Auf ein besseres Umfeld könne die Bank nicht hoffen. Bis 2023 will die Commerzbank daher ihre Kosten um 600 Millionen Euro verringern. "Der damit verbundene Stellenabbau ist leider notwendig", sagte Zielke.

Was das für Kunden bedeutet

Martin Zielke, Vorstandsvorsitzender der Commerzbank

Martin Zielke. | Bildquelle: Imago

Auch die Kunden der Bank werden den Sparkurs zu spüren bekommen. Die Commerzbank will zwar am kostenlosen Girokonto festhalten, trotzdem müssen sich etliche Kunden auf höhere Preise einstellen. Grund dafür sei das andauernde Zinstief. Da die Europäische Zentralbank (EZB) Strafzinsen auf Geld erhebt, das die Banken bei ihr parken, entstehen der Branche Kosten in Milliardenhöhe, die sie nun zunehmend auch an ihre Kunden weitergeben.

Zugleich will die Bank eine Million inaktive Kunden loswerden. Die Klienten, die teils noch aus der Zeit vor der Dresdner-Bank-Übernahme stammten, kosteten die Commerzbank Geld, sagte Zielke. Hinzugewinnen will die Bank vor allem aktive Kunden. Unterm Strich sollen so bis Ende 2023 gut eine Million neue Kunden hinzukommen - deutlich weniger als ursprünglich geplant.

Rendite bleibt niedrig

Dass die Bank gestärkt aus dem Umbau hervorgeht, ist zunächst nicht ersichtlich. Im Gegenteil. Das Management rechnet für das laufende Jahr nur noch mit stagnierenden Einnahmen. Bisher war eine leichte Steigerung erwartet worden. Bereits in den letzten beiden Jahren stagnierten die Erlöse bei rund 8,6 Milliarden Euro.

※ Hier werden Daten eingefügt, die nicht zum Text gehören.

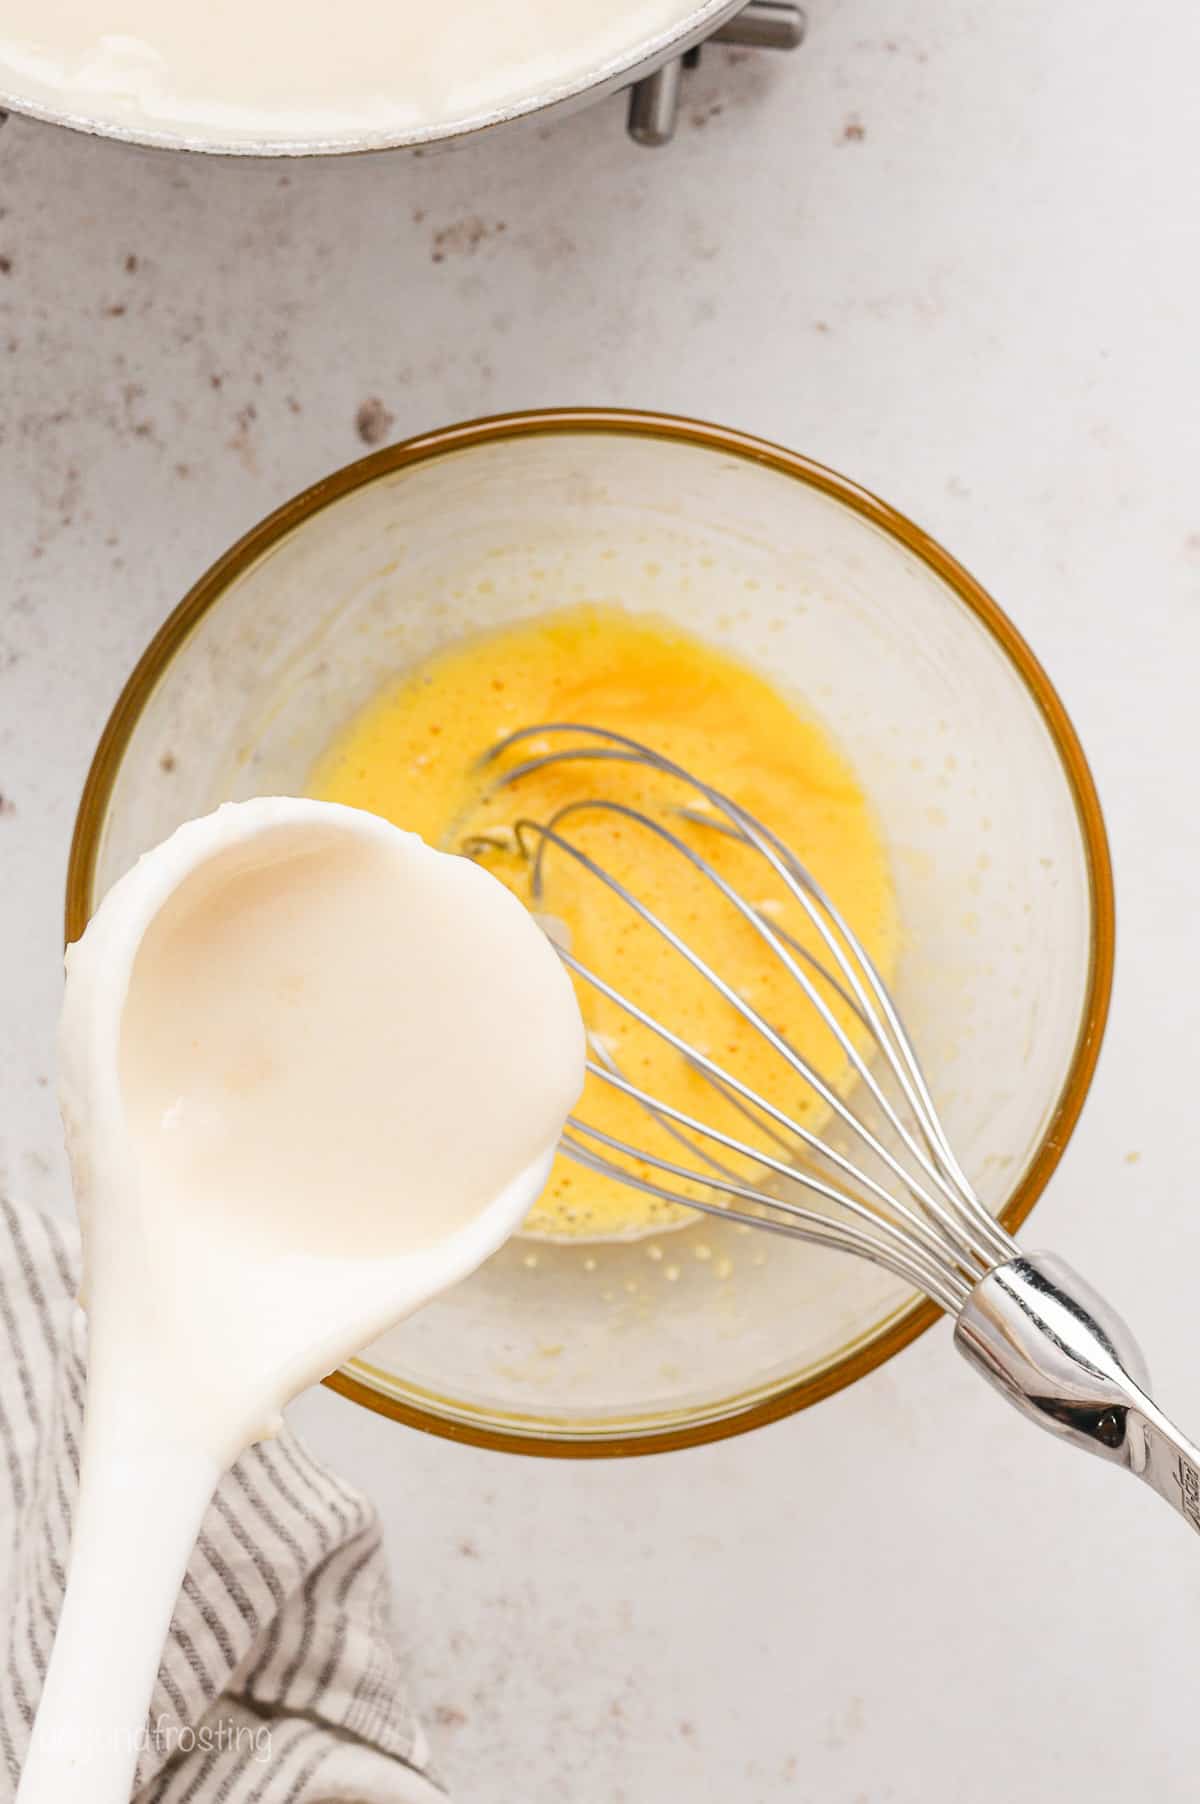 A half cup of filling mixture is poured over a whisk resting in a bowl of beaten eggs.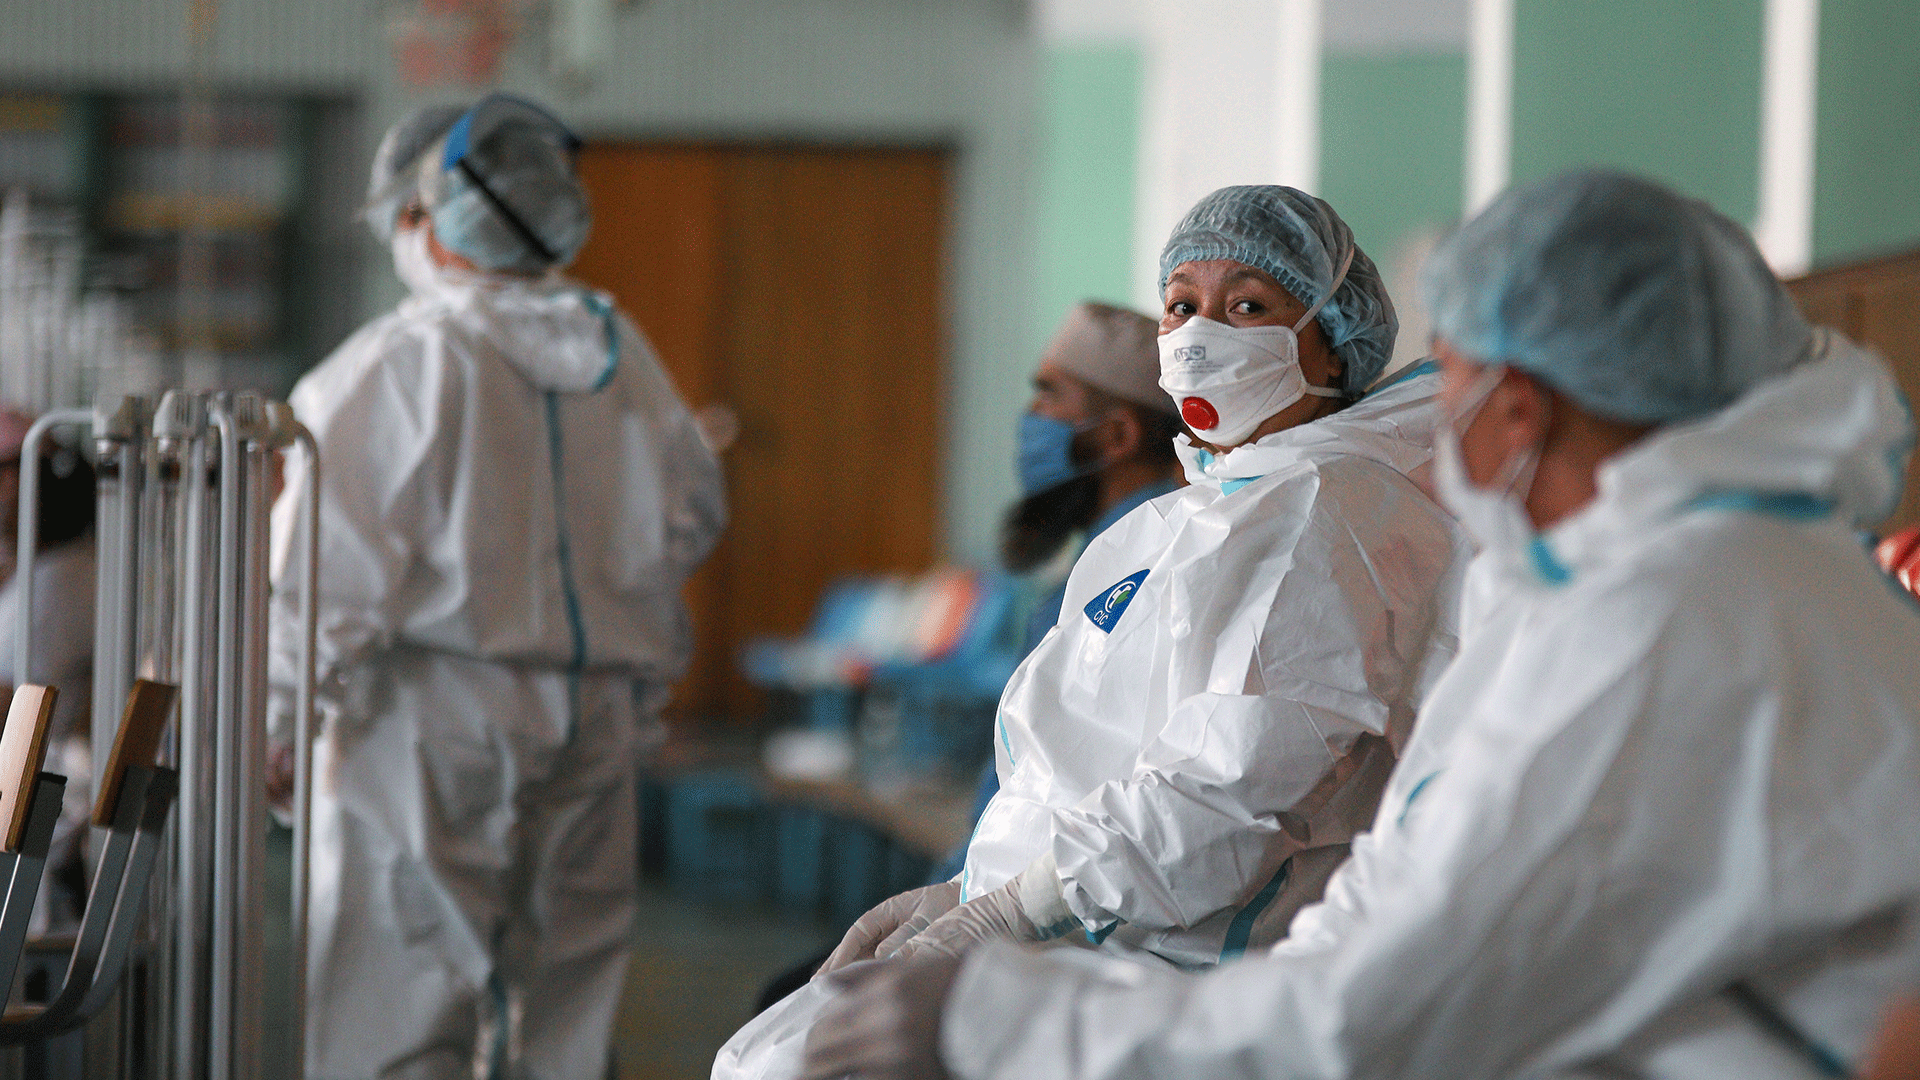 Confronting a global pandemic

Wie sich die gekappte Prognose auf die Rentabilität auswirkt, steht noch nicht fest. Doch verbessern dürfte sich die Rendite dadurch wohl nicht. Die Bank investiere in ihre Zukunft, "und indem wir dieses Geld in die Hand nehmen, stellen wir bewusst den langfristigen Erfolg über kurzfristige Renditeziele", sagte Zielke.

Leidgeplagte Aktionäre

Überhaupt rechnet die Commerzbank bis 2023 nur mit einer schrittweisen Steigerung ihrer Rentabilität. Die entsprechende Kennzahl für die Rendite auf das Eigenkapital werde in den kommenden drei Jahren voraussichtlich bei zwei bis vier Prozent liegen, erläuterte der scheidende Finanzchef Stephan Engels. Er sei überzeugt, dass im Jahr 2023 eine Rendite von über vier Prozent erreichbar sei. "Im günstigsten Fall wäre eine Rendite von über fünf Prozent möglich."

An der Börse sorgen die Umbaupläne für gemischte Gefühle. Nachdem die Commerzbank-Aktie zunächst in die Knie ging, konnte sie sich im weiteren Verlauf erholen. Dies ändert nichts daran, dass sich der Kurs nach Jahren des Niedergangs auch in diesem Jahr deutlich schlechter entwickelt hat als der Gesamtindex, MDax.